Naive question but do people really value certifications like these?

nlawalker 3 hours ago | parent | next [-]

As a consumer of them, I love them: a company with an influential, widely-used technology or platform spends a ton of money signaling to the industry exactly what's important to know about it, creating training curriculum for it, and a whole infrastructure to verify when someone knows it, I'm going to take them up on all of that, especially in the cases where the investment is like $100, a little bit of studying (the likes of which I'd want to do anyway if I'm learning something new, and I'm happy to have their structured, prioritized list of topics and/or guided curriculum) and a couple hours taking an online-proctored exam. From that perspective, I don't have a good reason not to have a certification in something that's super relevant to my role.

In interview/hiring situations where they're not expected or effectively required, they make for great chat fodder and a really good opportunity to exhibit awareness about yourself, the industry, and how the person on the other side of the table might perceive certifications given the context.

laborcontract 3 hours ago | parent [-]

God I hatelove this type of comment. You're totally right, but it's a complete repudiation of my initial reflex, which is to make a mockery of this.

Great perspective. I'm going to do this. Haha.

neya 7 minutes ago | parent | prev | next [-]

Think of these like the Google cloud or AWS certifications. A few companies that specialize in them will want you to have them. But for the rest of the industry, your ability to ace the technical interview will matter more.
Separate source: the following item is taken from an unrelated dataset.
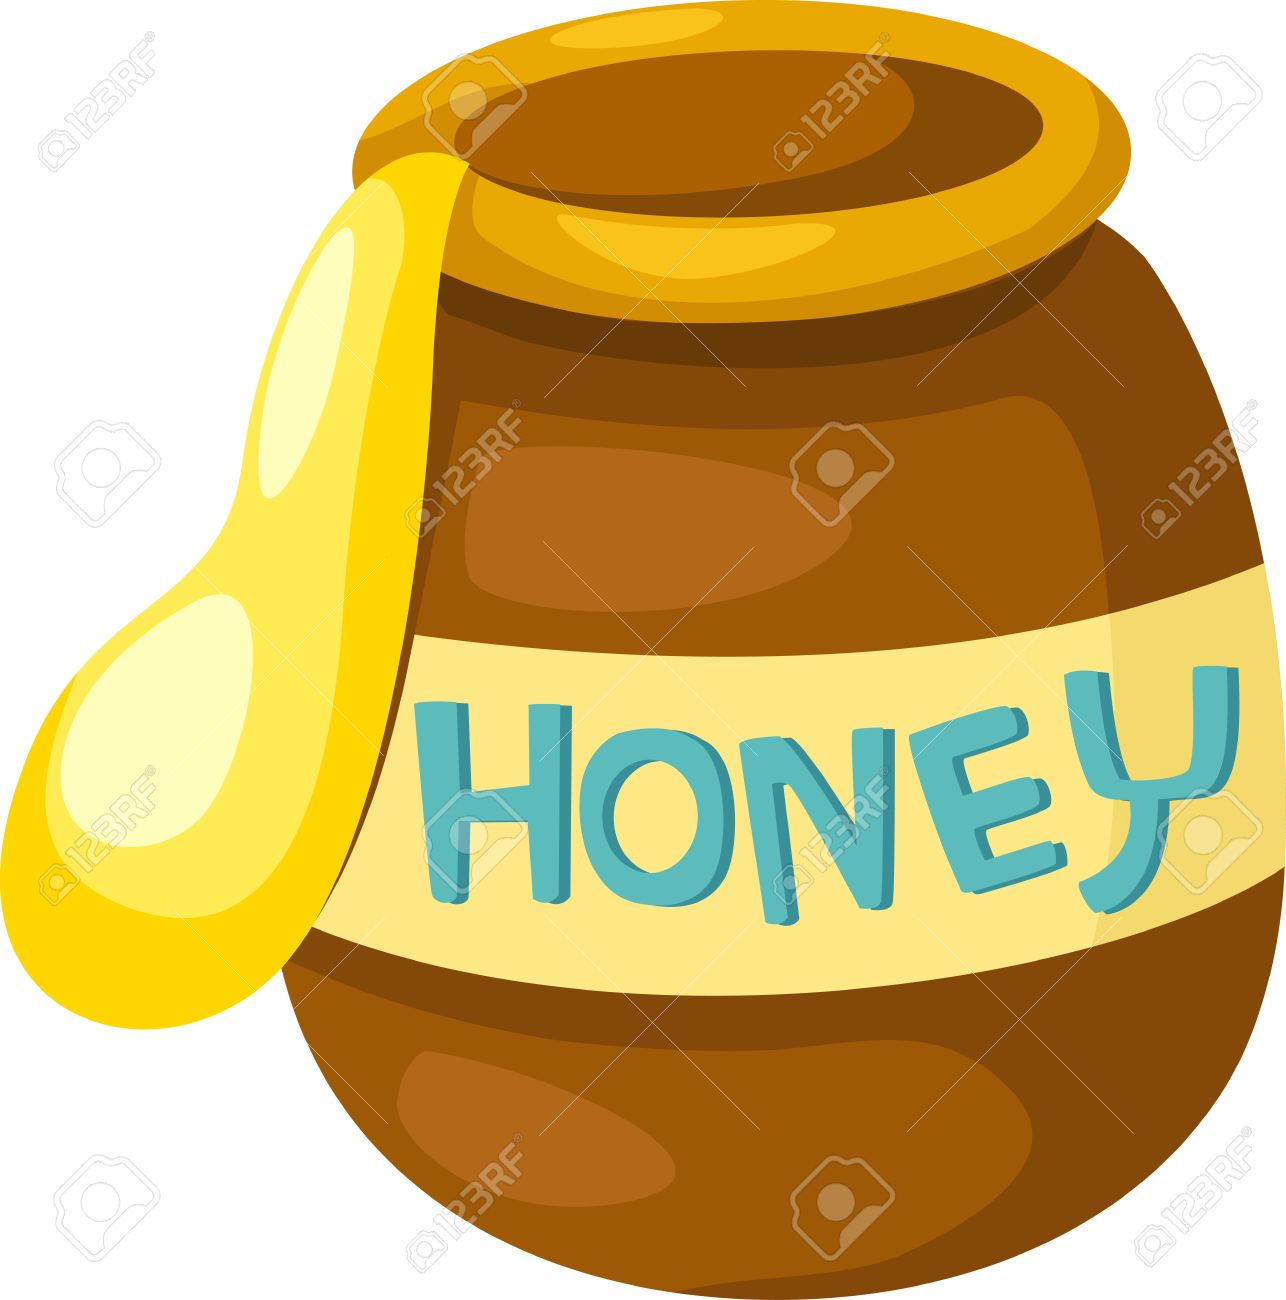 ... Fresh Honey - illustratio

cebert 4 hours ago | parent | prev | next [-]

Unfortunately some business leads value these types of certifications and partner programs. I imagine there’s a great deal of overlap with these folks and those who use Gartner’s Magic Quadrant for purchasing decisions.

KiranRao0 5 hours ago | parent | prev | next [-]

My naive guess is that business with no tech component hire consultants, and these are part of the sales pitch.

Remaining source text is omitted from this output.